◆ SUPPLIED INFORMATION ◆
↓

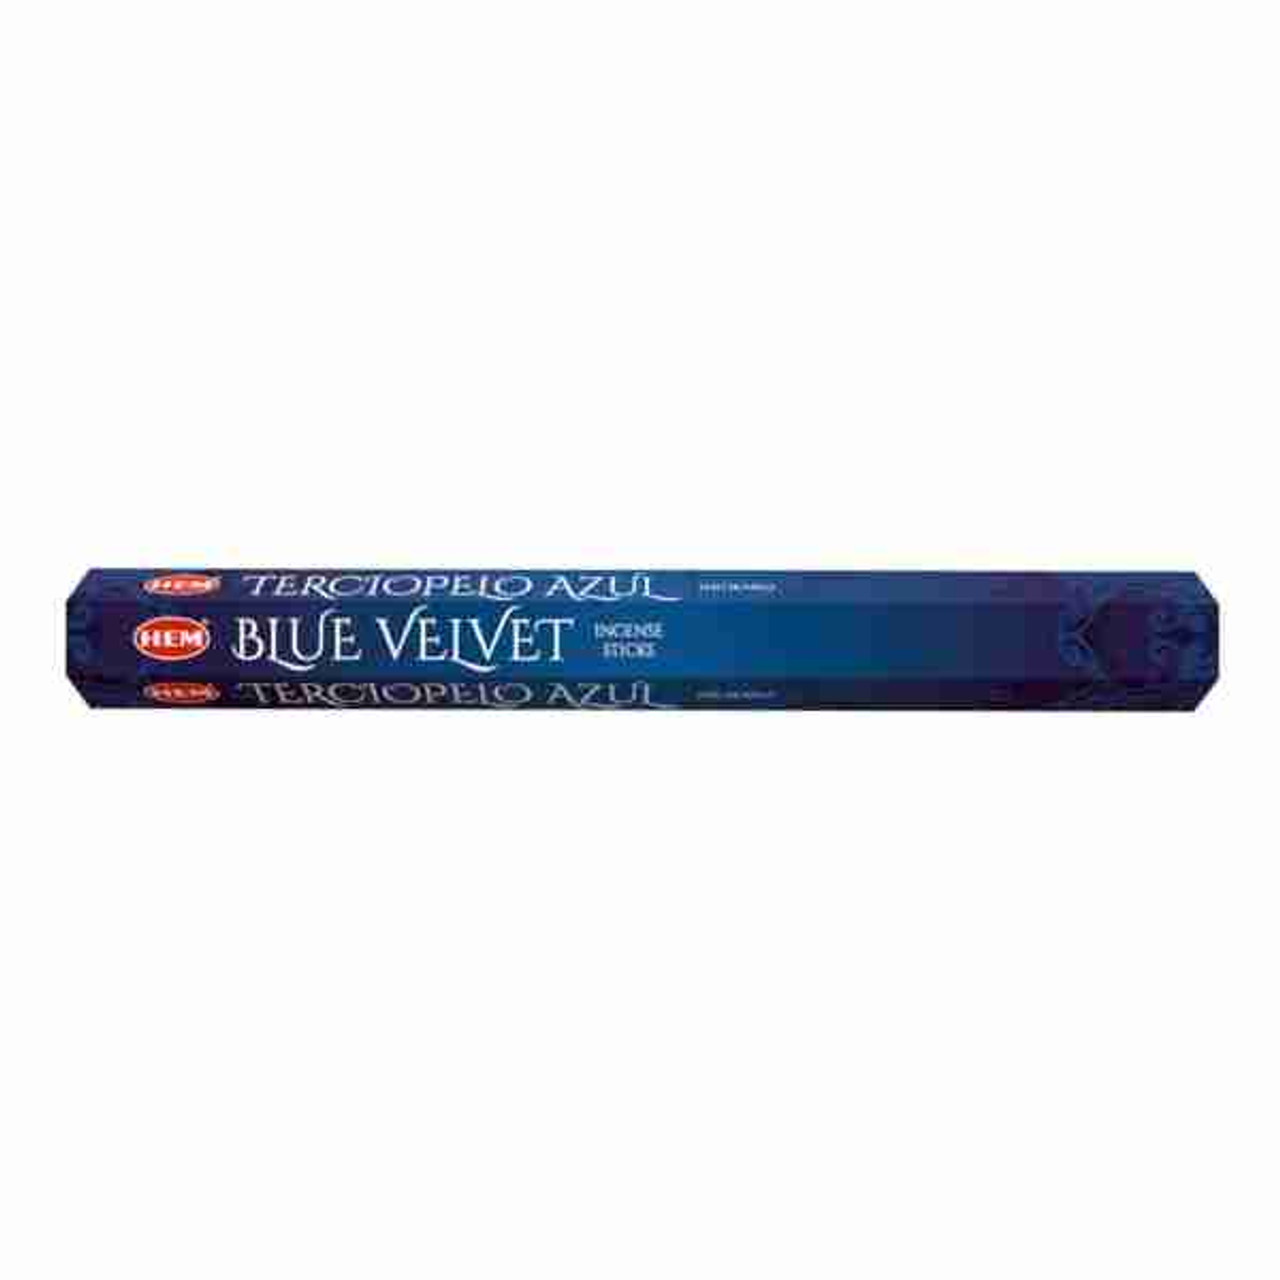 Blue Velvet Incense Sticks
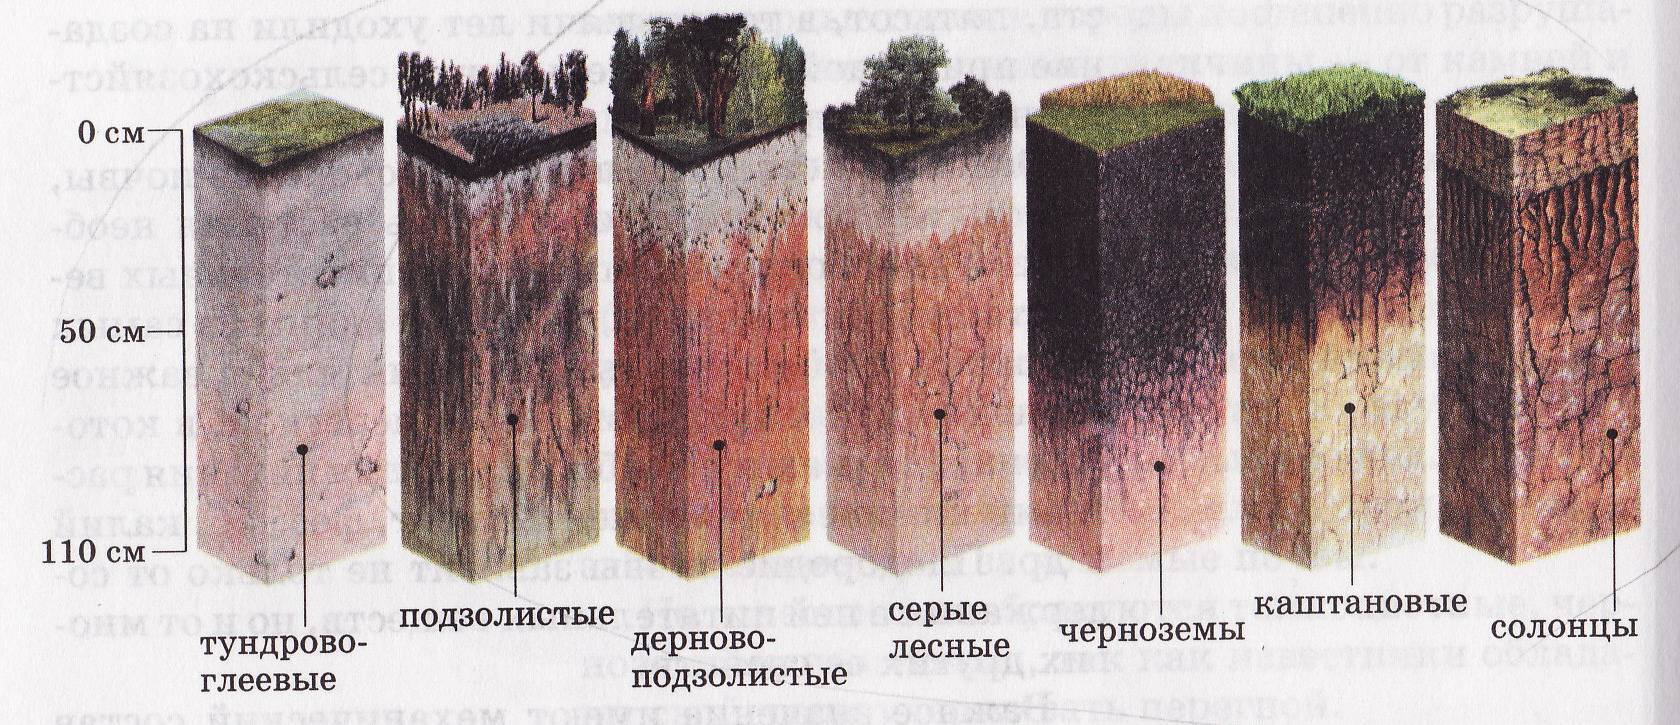 Дерново подзолистые почвы территория. Дерново-подзолистая, серая Лесная, чернозем почвенные горизонты. Подзолистая почва профиль почвы. Пахотные дерново-подзолистые почвы профиль. Почвенный профиль подзолистых почв.
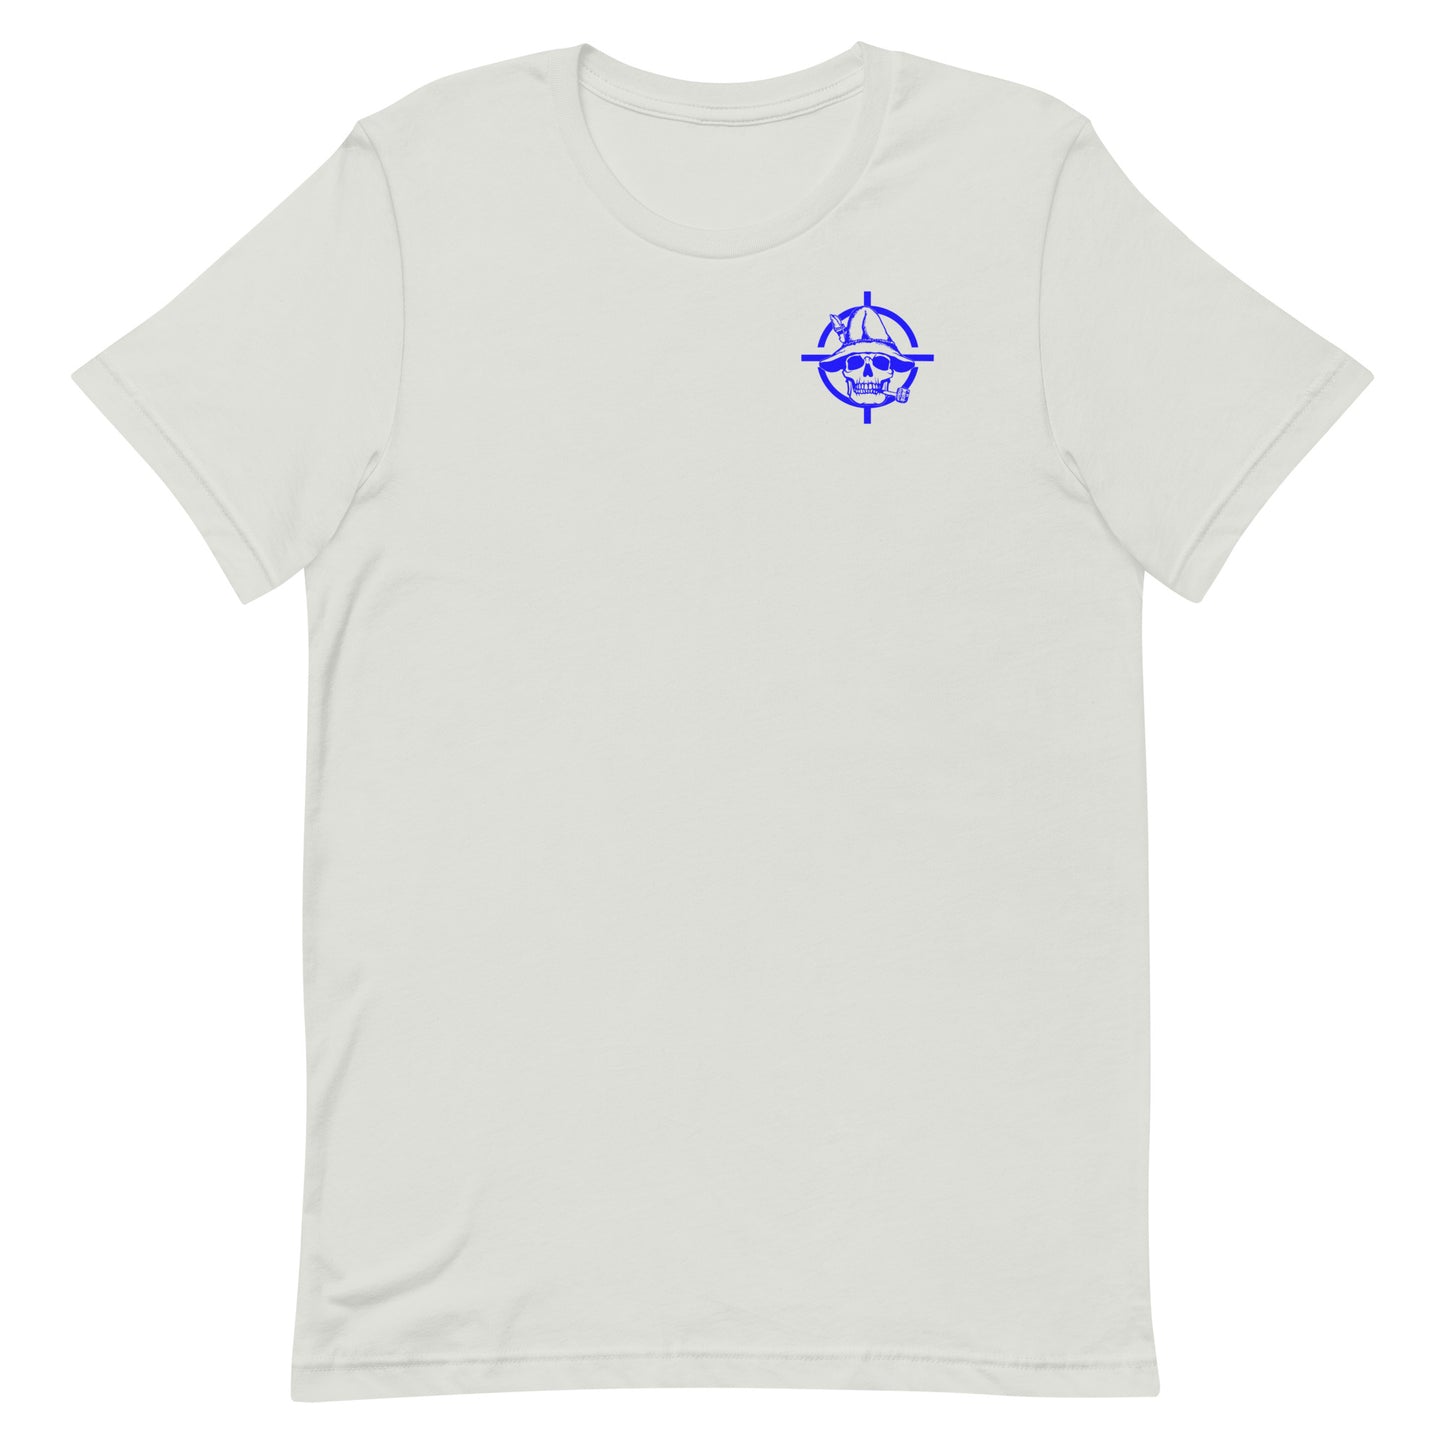 Blue Hillbilly Tactical Unisex t-shirt

↑

◆ THE TASK ◆
Every line from the one holding "Дерново подзолистые почвы" to the last line of the listing above, inclusive, must appear exactly as written, and no picture may appear.

◆ YOUR SOLUTION ◆
 Дерново подзолистые почвы территория. Дерново-подзолистая, серая Лесная, чернозем почвенные горизонты. Подзолистая почва профиль почвы. Пахотные дерново-подзолистые почвы профиль. Почвенный профиль подзолистых почв.
 Blue Hillbilly Tactical Unisex t-shirt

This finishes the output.